The UK Student Loan Explained Simply (Should You Pay It Off Early?)
Your student loan is not like normal debt. Most people misunderstand it completely — and that misunderstanding costs them money. Here's the truth.
The most common financial mistake I see young UK graduates make is trying to pay off their student loan early. Before you make that same mistake, read this — because the student loan system works completely differently to any other debt you'll ever have.
Your Student Loan Is Not Like a Normal Loan
A normal loan: you borrow money, you must pay it back with interest, regardless of your income.
UK student loan: you repay only when you earn above a threshold, the repayments are taken automatically as a percentage of income, and after 40 years (Plan 5) the remaining balance is wiped completely — whether you've paid it off or not.
For most graduates, the student loan functions more like a graduate tax than a traditional loan. You pay 9% of everything you earn above the threshold until it's paid off or written off.
What Plan Are You On?
| Plan | Who? | Repayment Threshold | Write-Off |
|---|---|---|---|
| Plan 1 | Started before 2012 | £24,990/year | Age 65 or 25 years |
| Plan 2 | Started 2012–2022 | £27,295/year | 30 years |
| Plan 5 | Started Sept 2023+ | £25,000/year | 40 years |
| Postgraduate | Masters/PhD | £21,000/year | 30 years |
Should You Pay It Off Early?
For most people: No. Here's why.
If your projected lifetime earnings are unlikely to result in full repayment within the write-off period, then paying extra money off the loan is financially irrational — that extra money gets wiped anyway, and you've lost the opportunity to put it into savings or investments instead.

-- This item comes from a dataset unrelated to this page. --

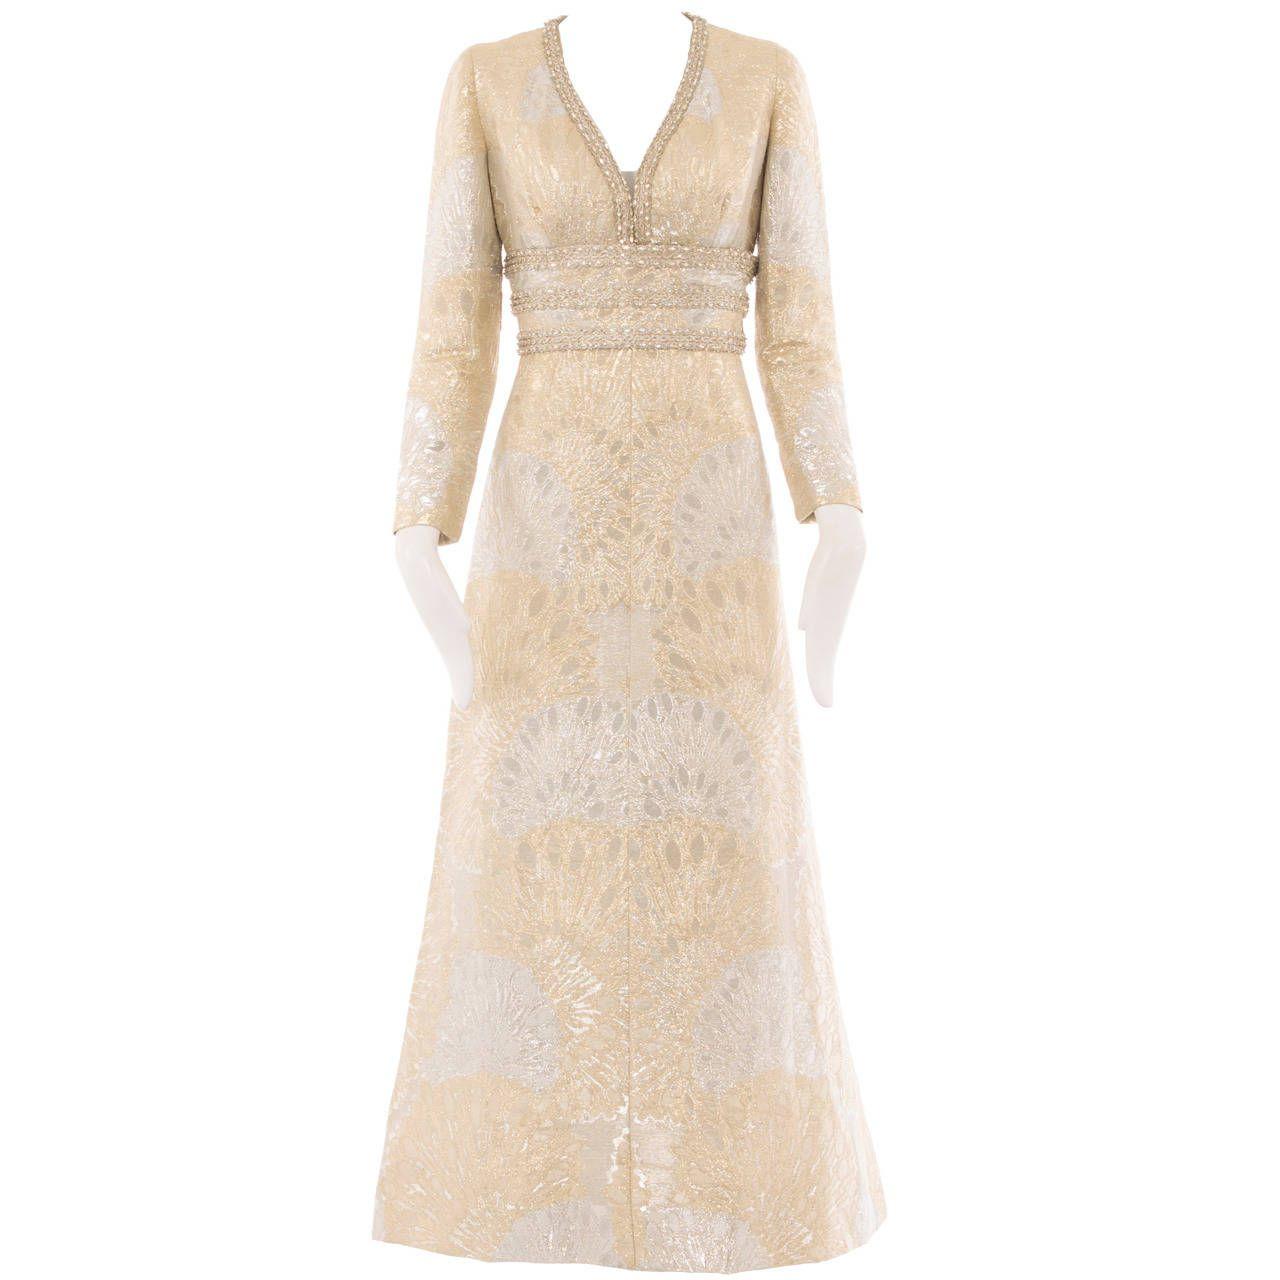 cca7046fcff An Yves Saint Laurent Patron Original dress, autumn winter 1969 | From a  collection of

Run the numbers for yourself:
- Current loan balance: check at studentloans.co.uk
- Current interest rate: check the same site
- Projected salary growth: realistic for your career
Use the MoneySavingExpert Student Loan Calculator (search "MSE student loan calculator") — it's the best free tool for working out whether you'll repay before write-off.
When It Does Make Sense to Overpay
- You're on Plan 1 with a small remaining balance and a high salary
- You're very close to the threshold where you'd fully repay before write-off
- The psychological burden of the debt outweighs the financial logic (this is real and valid)
What to Do with the Money Instead
If you've established that you won't repay in full before write-off, direct any extra money towards:
- Emergency fund (3 months' expenses in easy-access savings)
- Cash ISA or high-interest savings account
- Stocks & Shares ISA for long-term growth
- Workplace pension contributions beyond your employer's minimum
All of these will likely give you better returns than overpaying a loan that will probably be written off anyway.